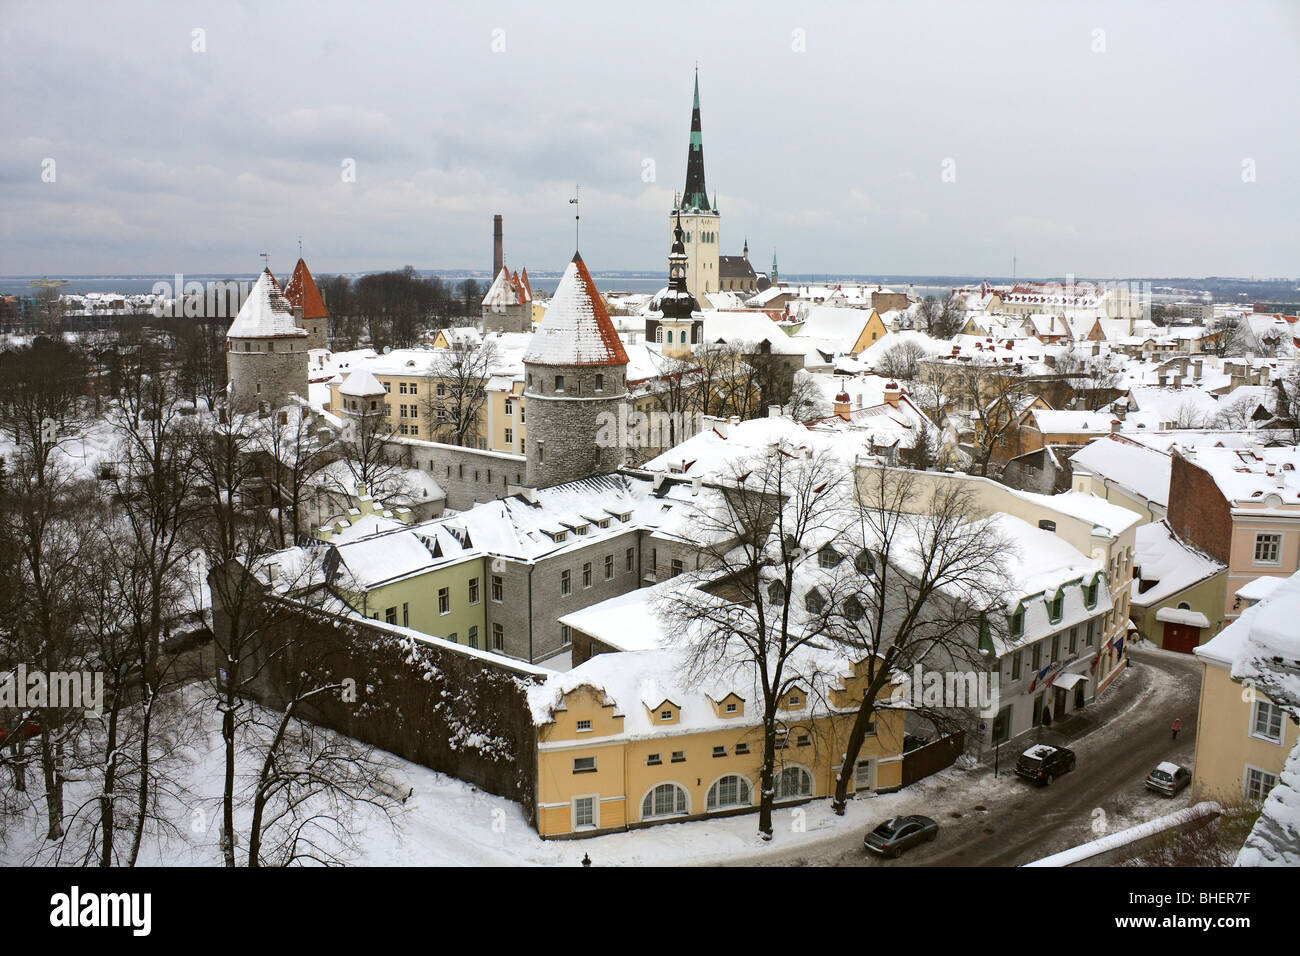 Snow covered roof tops of the Old Town, Tallinn, Estonia. Stock Photo
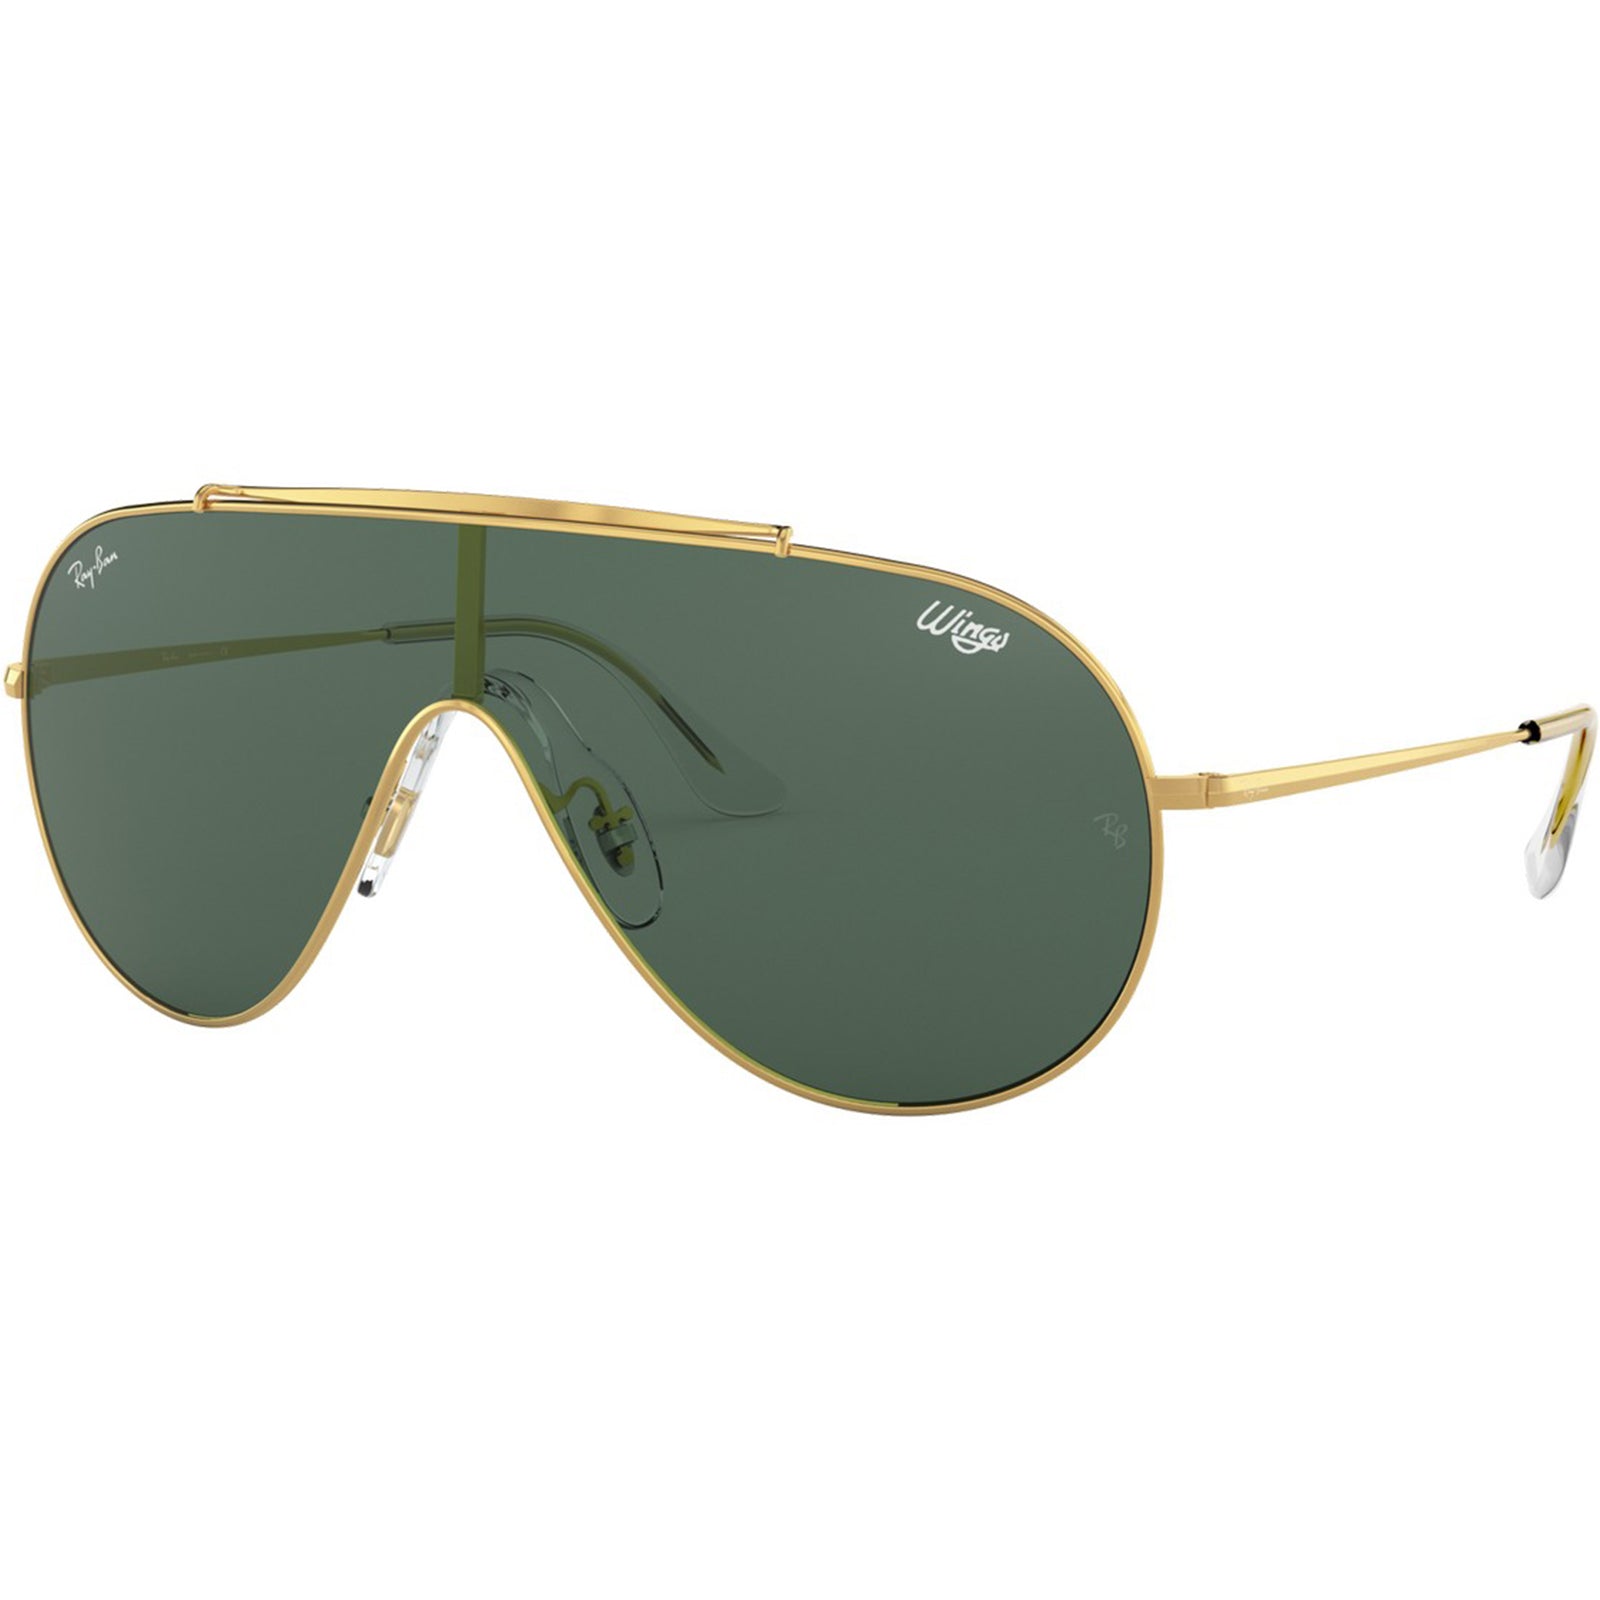 Ray-Ban Wings Adult Lifestyle Sunglasses-0RB3597
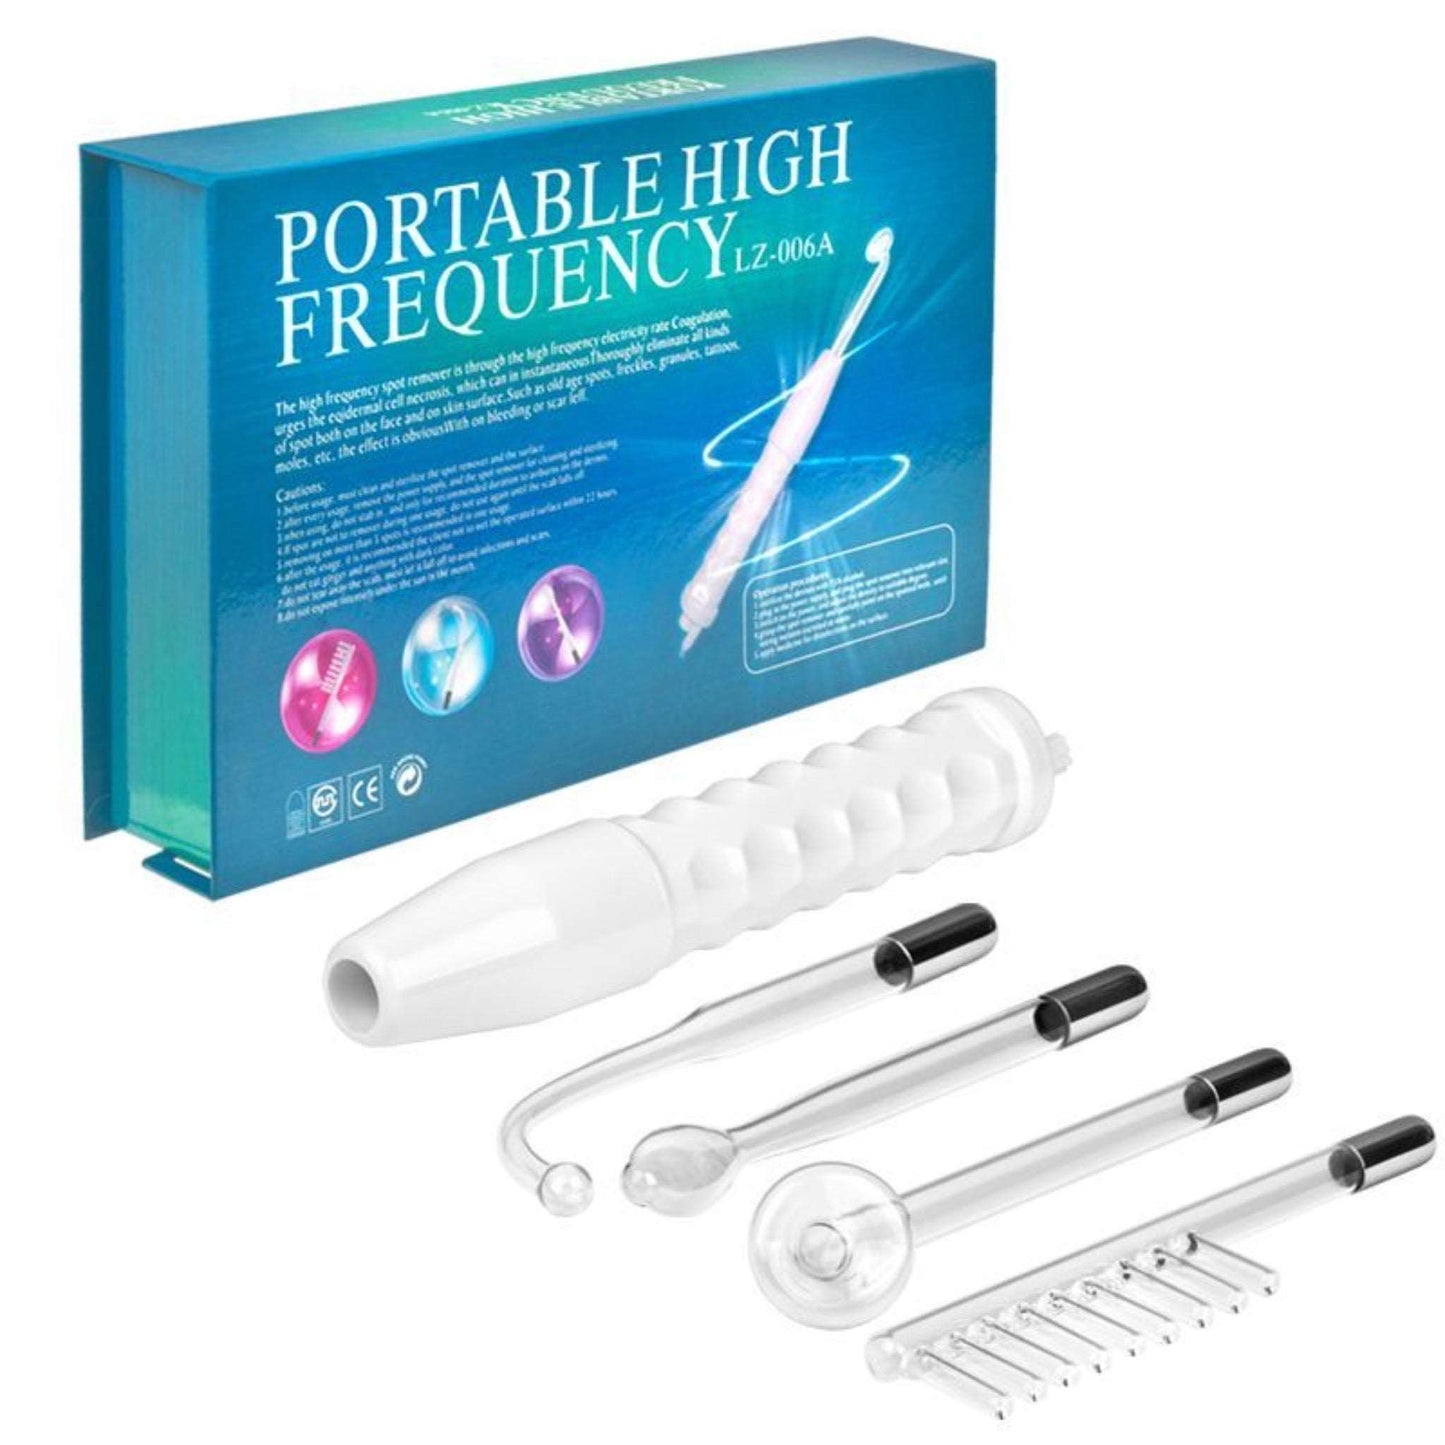  high frequency wand with 4 tubes on display outside a blue box
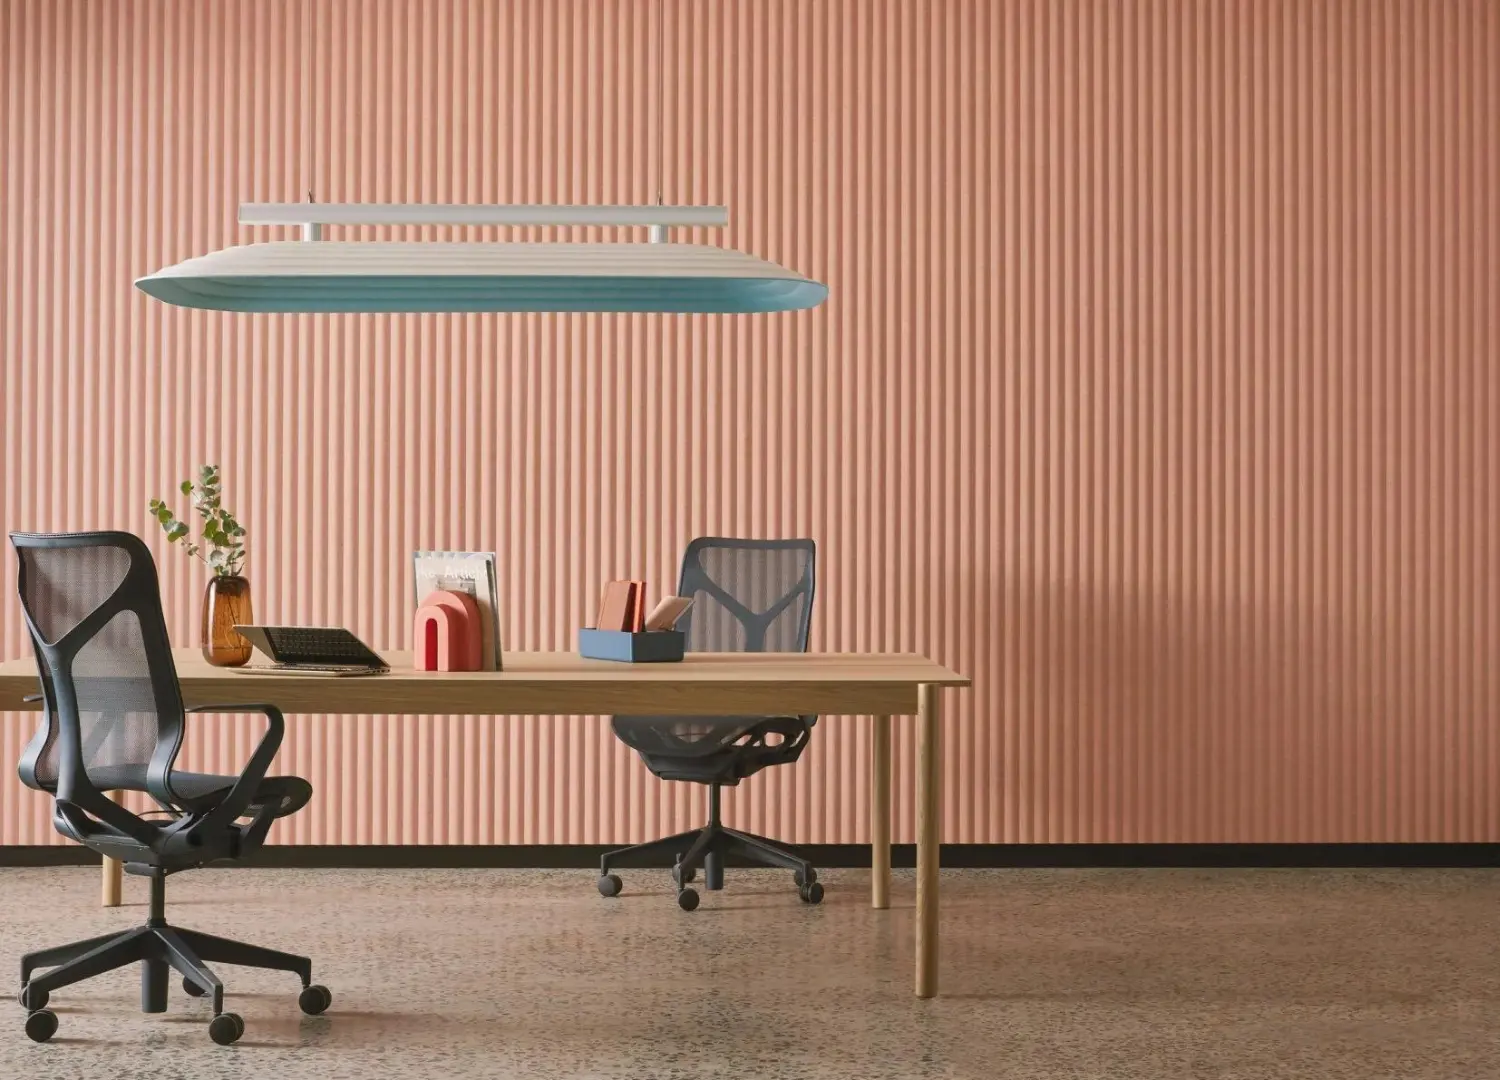 Fuji by Woven Image / Acoustic products – 5 sustainable designs ideal for your workspace

→ **EXERCISE OBJECTIVE**:
You are asked to reproduce each line above exactly, but to exclude the pictures.

→ **OUTPUT OF THE EXERCISE**:
 Snow covered roof tops of the Old Town, Tallinn, Estonia. Stock Photo
 Ray-Ban Wings Adult Lifestyle Sunglasses-0RB3597
  high frequency wand with 4 tubes on display outside a blue box
 Fuji by Woven Image / Acoustic products – 5 sustainable designs ideal for your workspace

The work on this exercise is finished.